AARRR: The Pirate Metrics Framework
Another framework that resonated was Dave McClure’s AARRR framework (aptly nicknamed “Pirate Metrics”). This simple yet powerful model provides a clear sequence for growing and measuring product success:
- Acquisition: How users discover your product
- Activation: Their first meaningful experience
- Retention: How often they return and engage
- Referral: Whether they tell others about it
- Revenue: How the product monetizes
What I appreciated most about AARRR is how it creates a logical progression of priorities. Too often, I’ve seen teams jump straight to revenue considerations before ensuring users can even discover and meaningfully engage with the product.
Product-Market Fit (PMF) Funnel
Perhaps the most valuable framework was the systematic approach to achieving product-market fit:
- Define: Clearly articulate what PMF looks like for your specific product
- Quantify: Establish measurable indicators of PMF
- Threshold: Set concrete targets for each indicator
- Roadmap: Plan features specifically designed to hit those thresholds
This structured approach transforms PMF from a vague concept into an actionable goal with clear metrics—something I wish I’d formalized earlier in my career.
The Hero’s Journey in Product Development
The course also explored how Joseph Campbell’s Hero’s Journey narrative structure applies to product development and user experience:
- Call to Adventure: The initial problem or opportunity
- Supernatural Aid: Tools and resources that help users overcome challenges
- Threshold Crossing: The decision to fully commit to using the product
- Transformation: How the product changes the user’s capabilities
This framework provides a powerful lens for understanding the emotional journey users take with products, not just the functional aspects.
Confirmation Through Retrospection
What I found most valuable about the course wasn’t necessarily new information, but rather the confirmation that many practices I’d developed through experience align with industry best practices. It was validating to see that my intuitive approaches to problem-solving and product development have theoretical underpinnings.

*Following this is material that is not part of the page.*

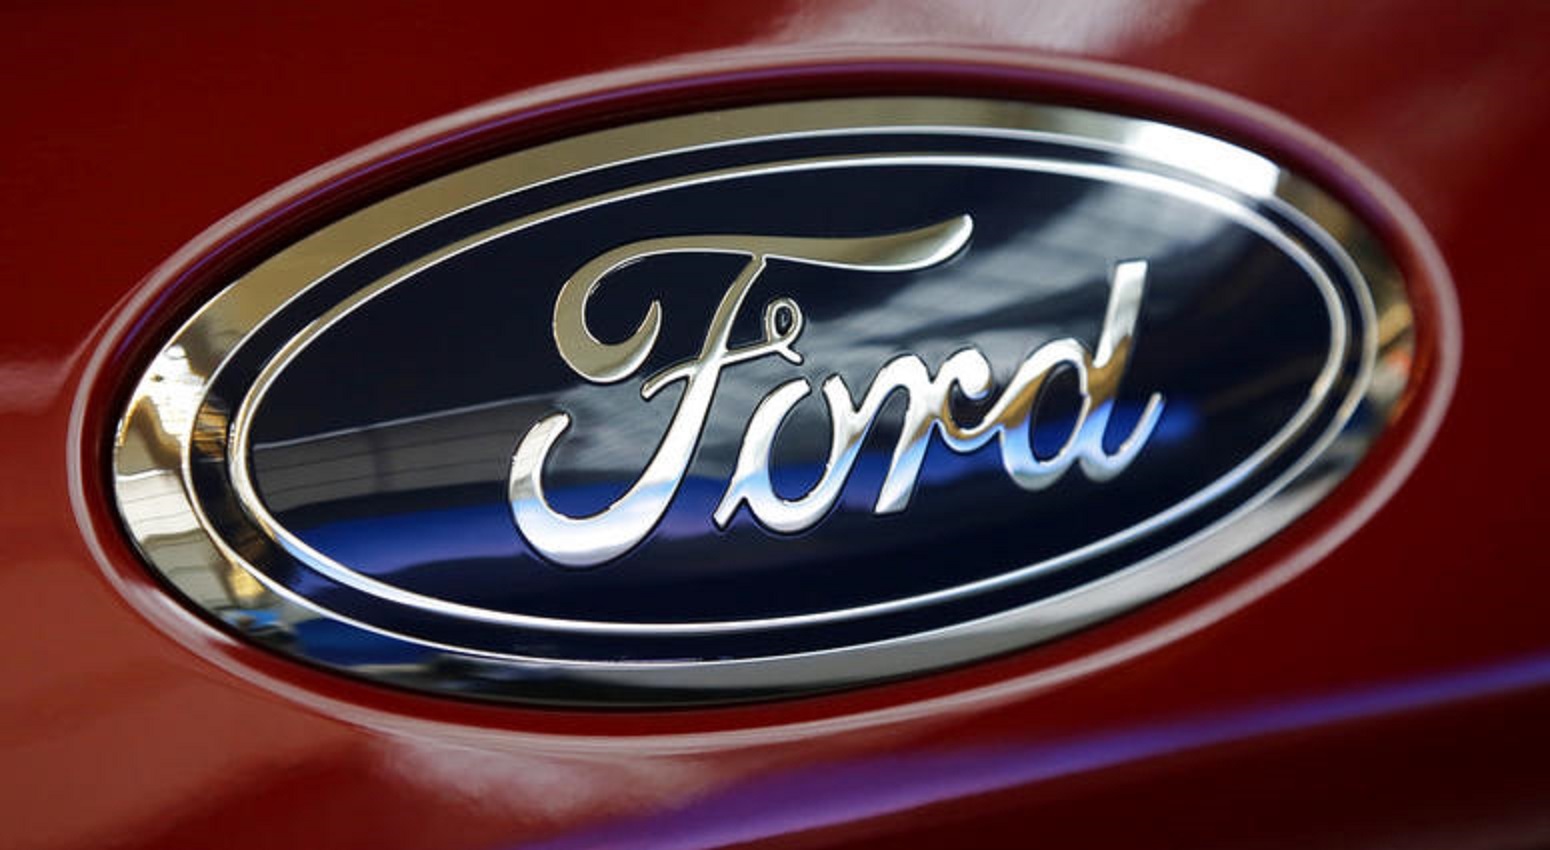 Hơn 665.000 xe của hãng Ford bị thu hồi theo chiến dịch an toàn

The course helped me understand that my background—a mix of technical knowledge, design thinking, and business acumen—isn’t just a collection of random skills but actually the ideal foundation for product management. Being “a bit good at everything” isn’t a lack of specialization; it’s precisely what makes for effective product leadership.
The Value of Formal Education in an Experience-Driven Field
While experience has been my primary teacher, I found tremendous value in formalizing that knowledge through education. The course helped me:
- Fill language gaps: I now have proper terminology for concepts I’ve been applying intuitively
- Identify blind spots: Areas where my self-taught approach could be more structured
- Validate approaches: Confirmation that my instincts align with best practices
- Build confidence: Assurance that my generalist tendencies are an asset, not a liability
Looking Forward
Armed with this formal framework to complement my practical experience, I’m excited to apply these structured approaches more intentionally. The Design Sprint methodology, in particular, offers a clear path to more efficient innovation and validation.
For others on a similar journey, I’d recommend finding the balance between hands-on experience and formal education. Each enhances the other, creating a more complete product manager than either could produce alone.
Product management may be a field where you’re always “a bit good at everything,” but with intentional education and reflective practice, that breadth becomes your greatest strength rather than a sign of indecision.